──────── Data supplied
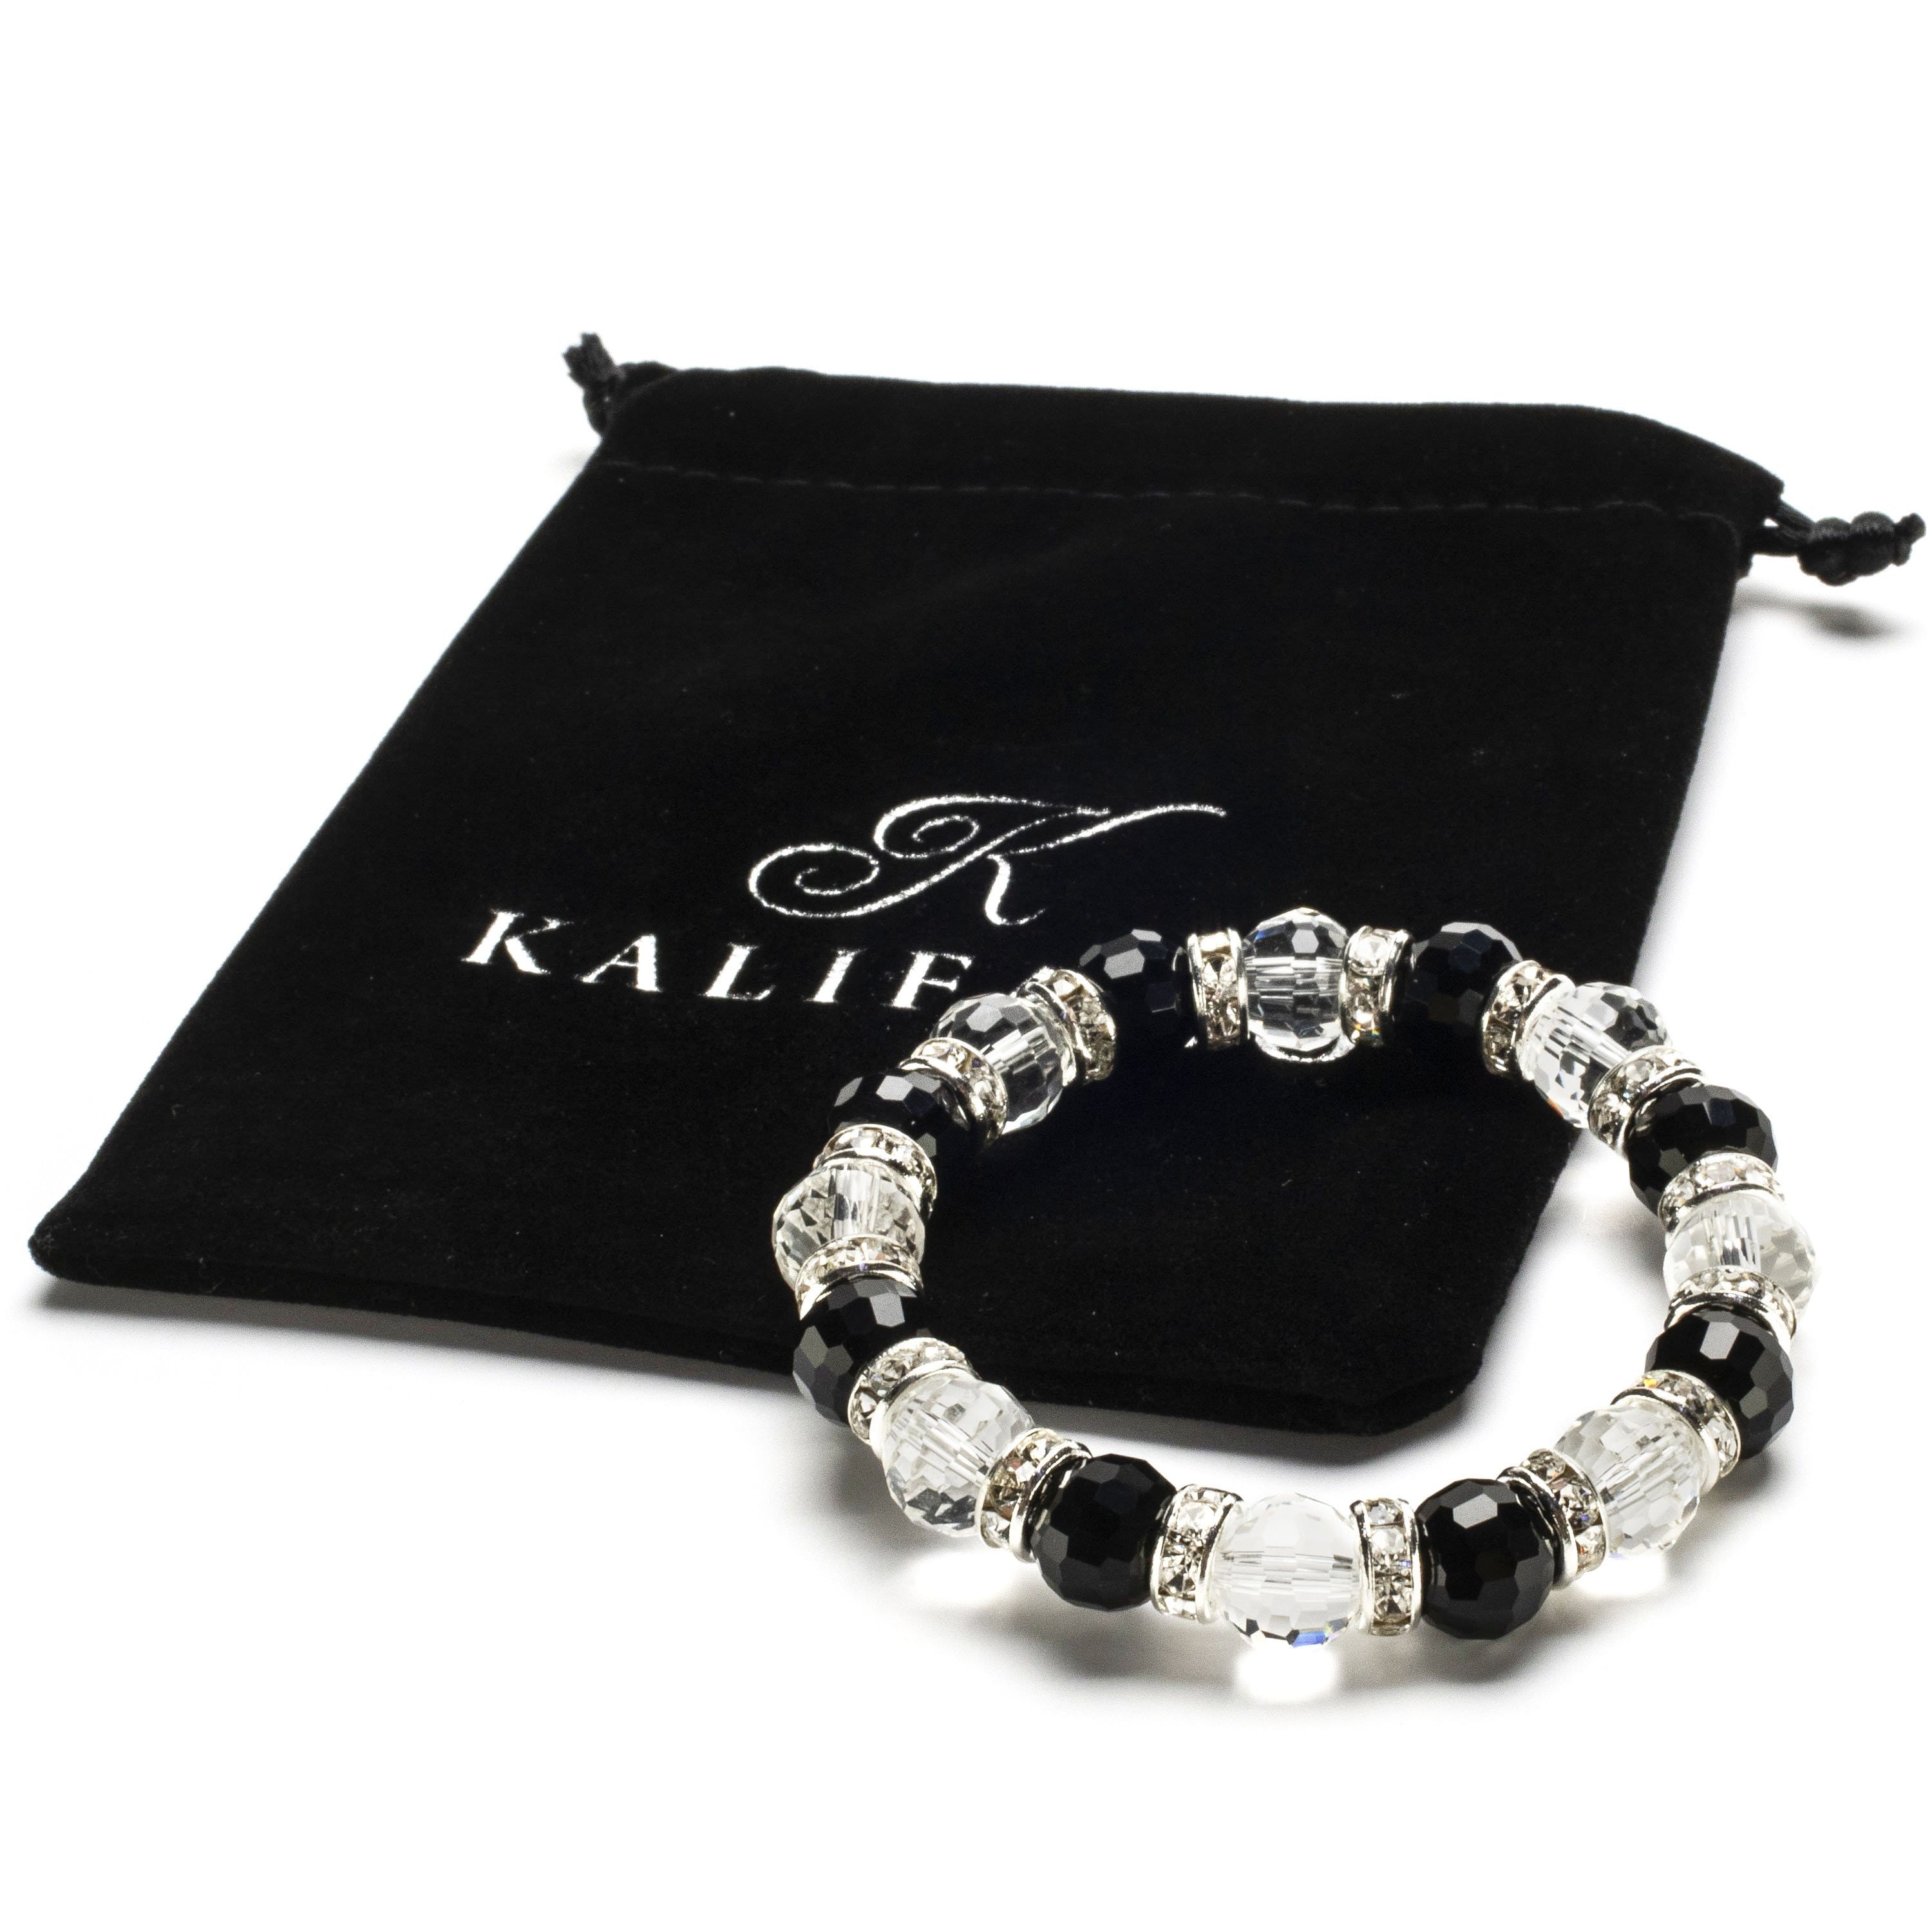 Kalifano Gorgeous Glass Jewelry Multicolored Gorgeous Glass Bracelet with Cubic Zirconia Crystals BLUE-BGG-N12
────────────────
──────── Data supplied
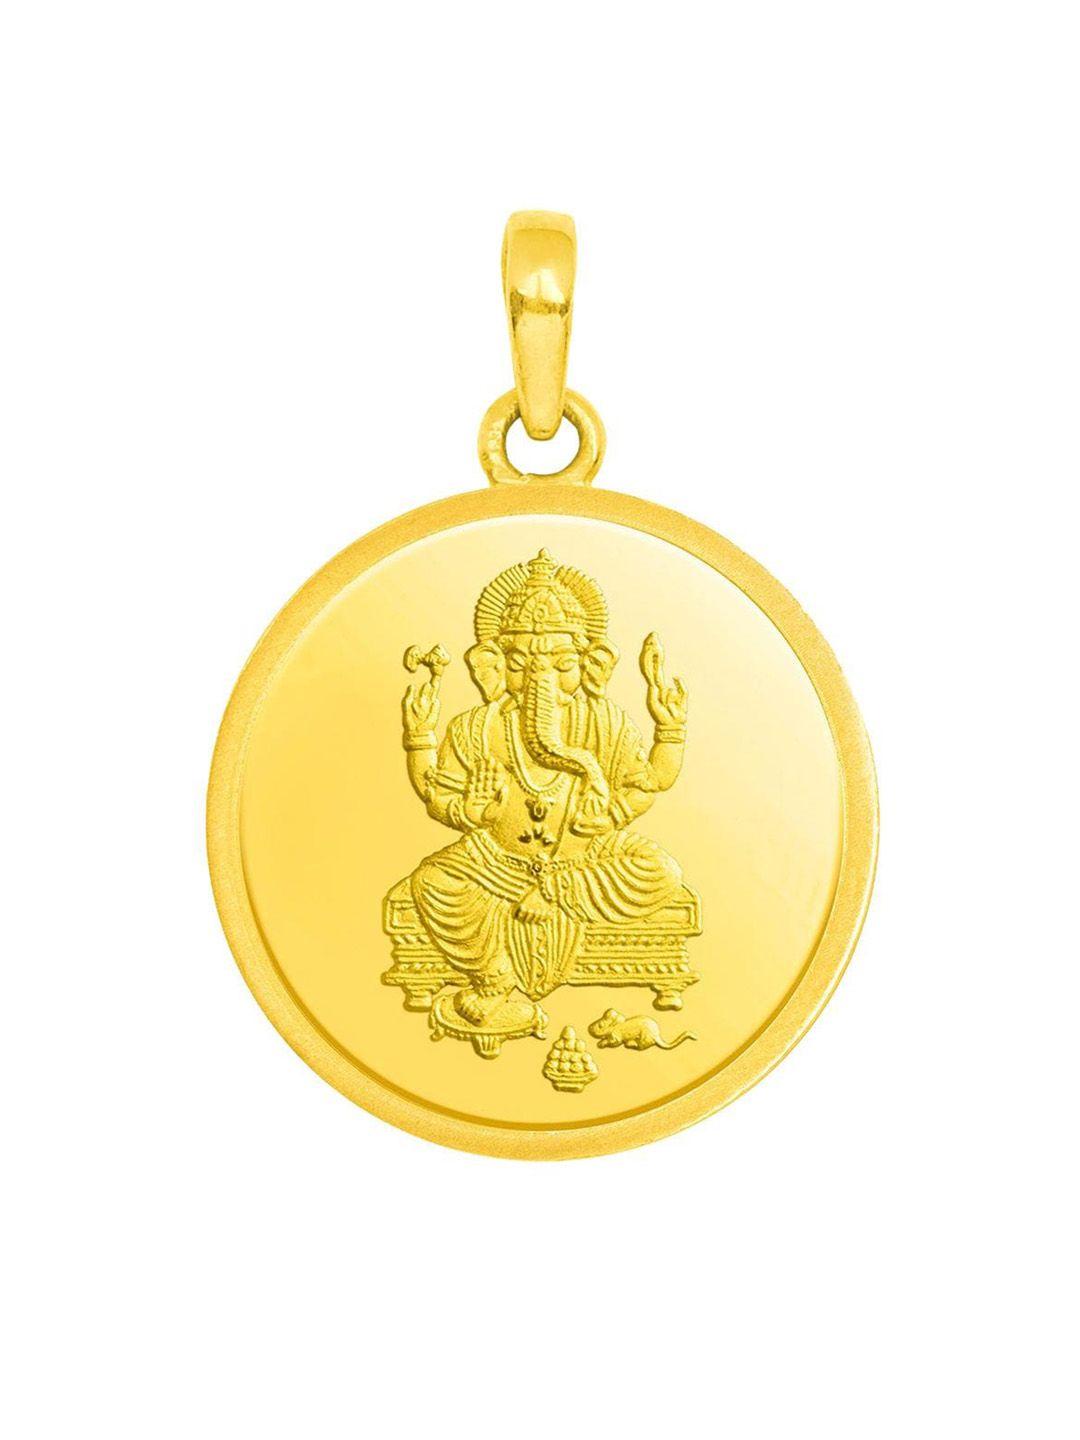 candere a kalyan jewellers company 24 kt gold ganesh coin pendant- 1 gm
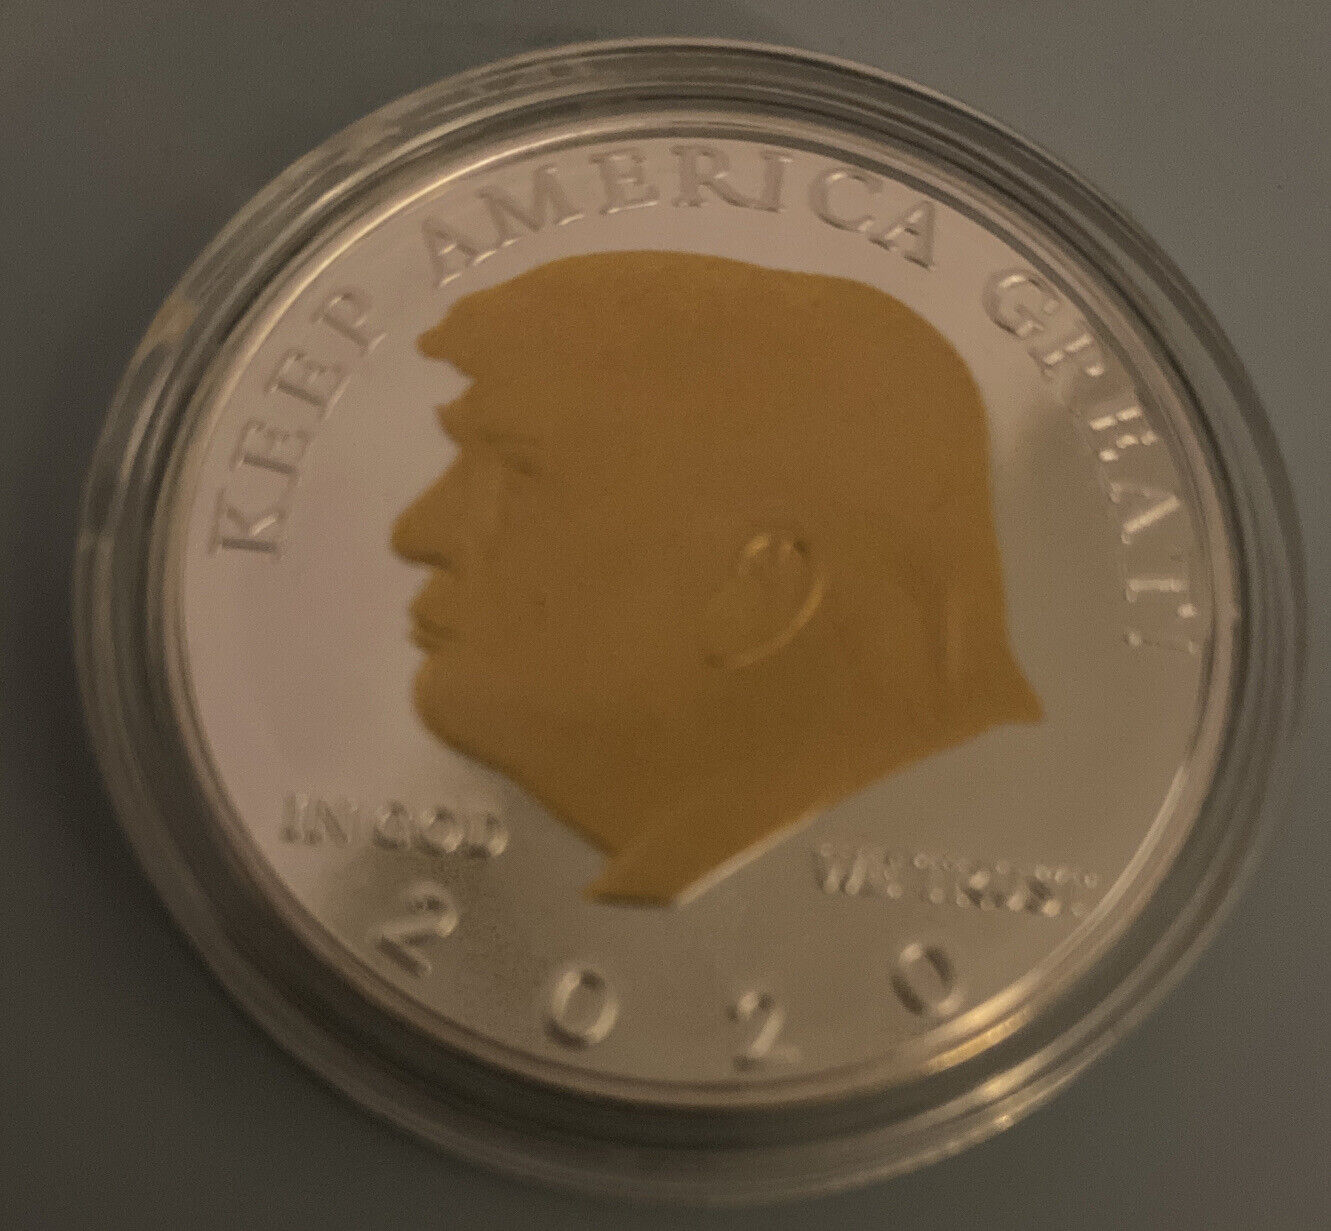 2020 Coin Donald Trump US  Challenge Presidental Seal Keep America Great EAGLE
────────────────
Each line above starting at the one holding "candere a kalyan" and ending at the one holding "2020 Coin Donald" should be set down exactly as it stands, both ends included, with no pictures.

### Task answer
 candere a kalyan jewellers company 24 kt gold ganesh coin pendant- 1 gm
 2020 Coin Donald Trump US  Challenge Presidental Seal Keep America Great EAGLE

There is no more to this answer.